Without warning, the angel lunges with the arrow piercing it deep into her chest, releasing an excruciatingly sweet pain as Teresa’s head falls back with eyes closed in rapture. She opens her eyes momentarily, surprised to see bitcoin spill out from her as the arrow is withdrawn; however, Teresa is even more aware of the knowing smile appearing on the angel’s face and the intense heat radiating from her beating heart. The temporal being of St Teresa wishes this moment will never end but her spirit understands that there will be consequences.
View the animation with audio at the SuperRare marketplace here.
Demo video of the augmented reality feature below. The oil painting was created with this video July 2018 for my CryptoDisruption exhibition. I've since changed the AR experience to the original 1/1 NFT animation with music.
Saint Teresa of Ávila (1515 – 1582) described the scene in her autobiography, “In the angel’s hands I saw a great golden spear, and at the iron tip there appeared to be a point of fire. This he plunged into my heart several times ... and left me utterly consumed by the great love of God. The pain was so severe that it made me utter several moans. The sweetness caused by this intense pain is so extreme that one cannot possibly wish it to cease.”

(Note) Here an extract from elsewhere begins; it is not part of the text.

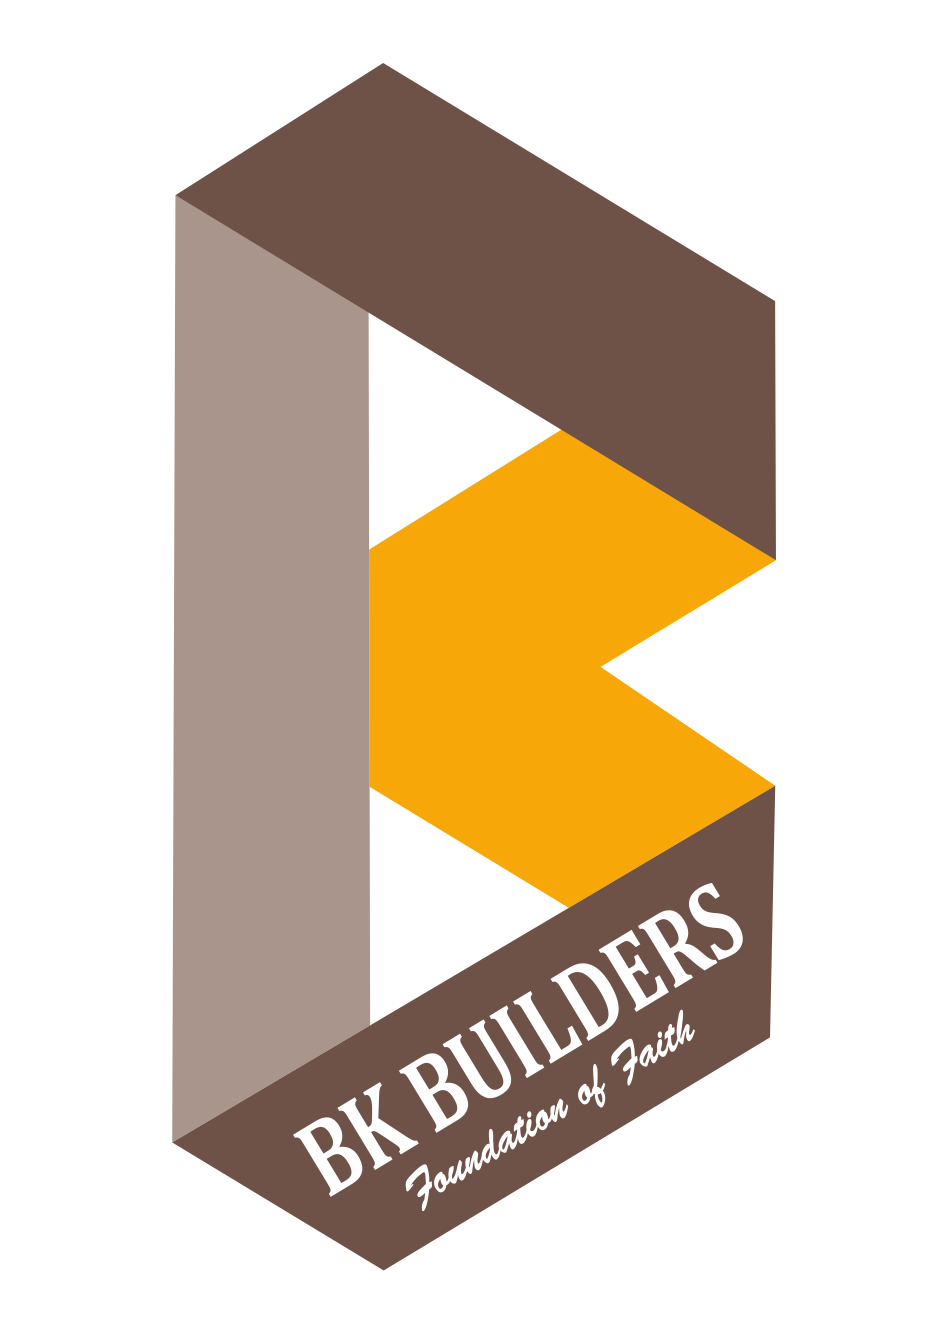 BK Builder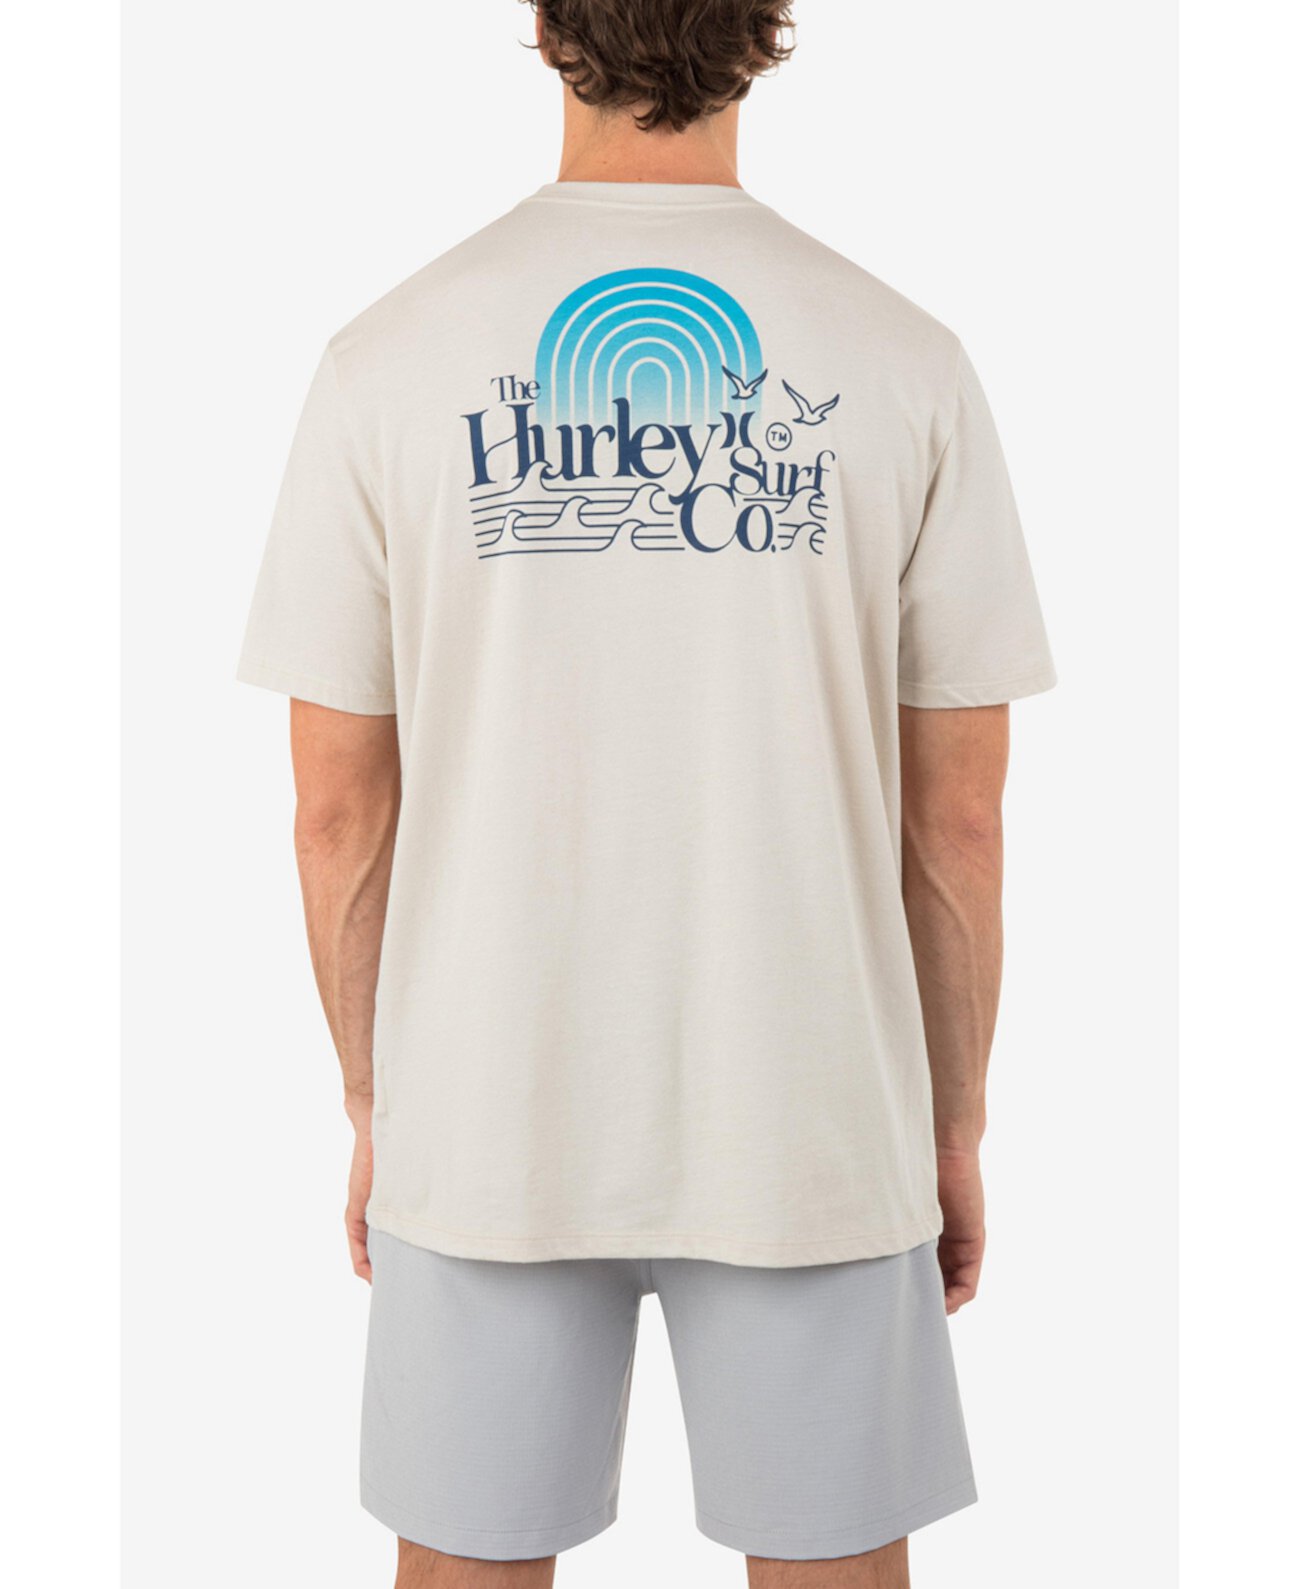 Мужская футболка Windswell с короткими рукавами на каждый день Hurley

Bernini used this masterful and undeniably erotic artwork as a springboard to a new and higher type of spiritual awakening. The work became a melding of sensual and spiritual pleasure, the heavenly and the earthly coming together. The piercing of Teresa’s heart becomes a point of contact between earth and heaven, matter and spirit. These uniquely powerful combinations are what I focussed on when creating the original painting, the accompanying AR video and now with this NFT animation.

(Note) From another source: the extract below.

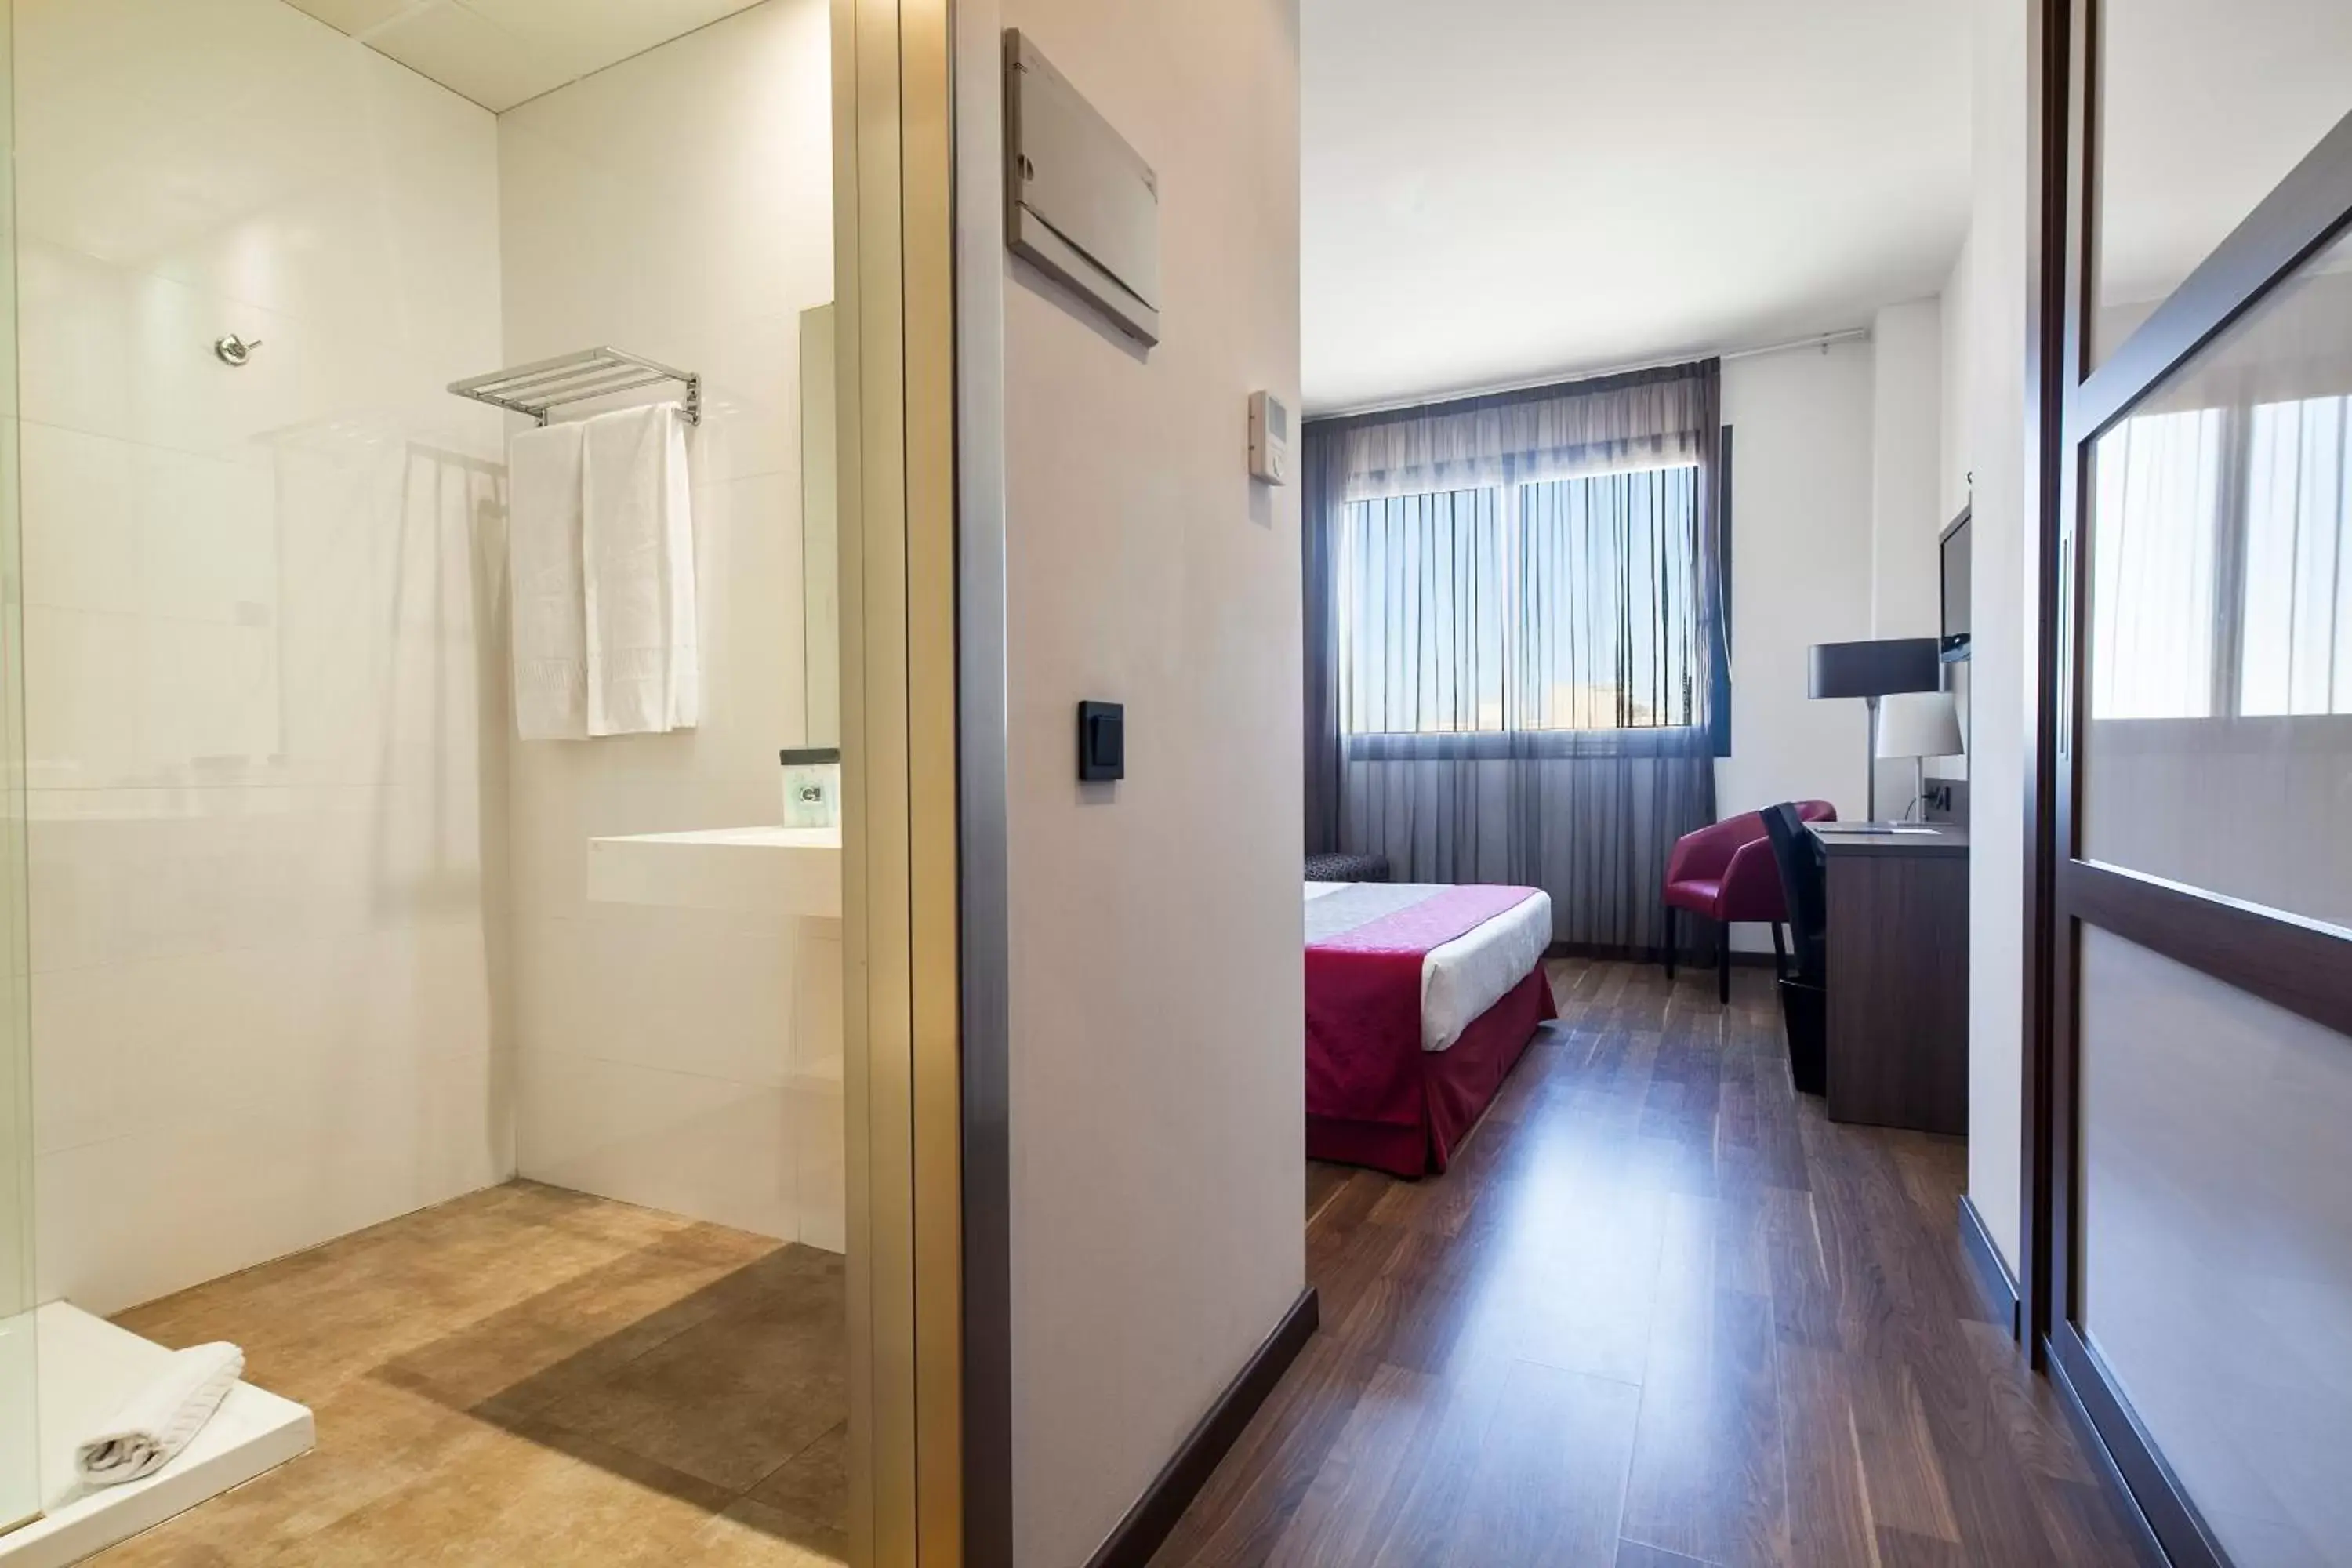 Bedroom, Bathroom in Hotel Best 4 Barcelona

This painting was inspired by the 2017 crypto bull run and the euphoria that was sweeping across the world as bitcoin quickly surged towards $20,000. I searched for a powerful image that could be reinterpreted to convey the high emotion and insatiableness of some crypto companies, ICOs, 'influencers' and over leveraged investors driving this delirium whilst heralding it under the guise of self-sovereignty, morality, and a Utopian prosperity. People’s lives were changing dramatically. Literally overnight, ‘dreams’ were coming true, money was being made faster (and lost faster) than could be imagined. There seemed to be no limit to the heights and greed that could be achieved.
In search for a symbol, I turned towards the highly ornate and extravagant Baroque period renowned for its ostentatious displays of wealth by the monarchs and decided on one of the greatest masterpieces of the 17th century, Bernini’s Ecstasy of Saint Teresa. This symbol would be reworked and reimagined with oil paint, video and animation in an attempt to convey the original message of connection with a ‘higher power’, the search for the divine, but to also carry with it a message of caution and the need for responsibility. I aimed to capture that moment which Bernini first created – when the angel and St Teresa act out a scene of both pleasure and pain simultaneously, the ecstasy and the agony, but this time in front of a shining, golden bitcoin.
The Bitcoin Angel represents dreams, hope, and the desire to improve oneself, but it also acts as a warning to the greedy, self-absorbed and negligent that without caution and integrity, those ‘dreams’ can very quickly transform into something entirely different.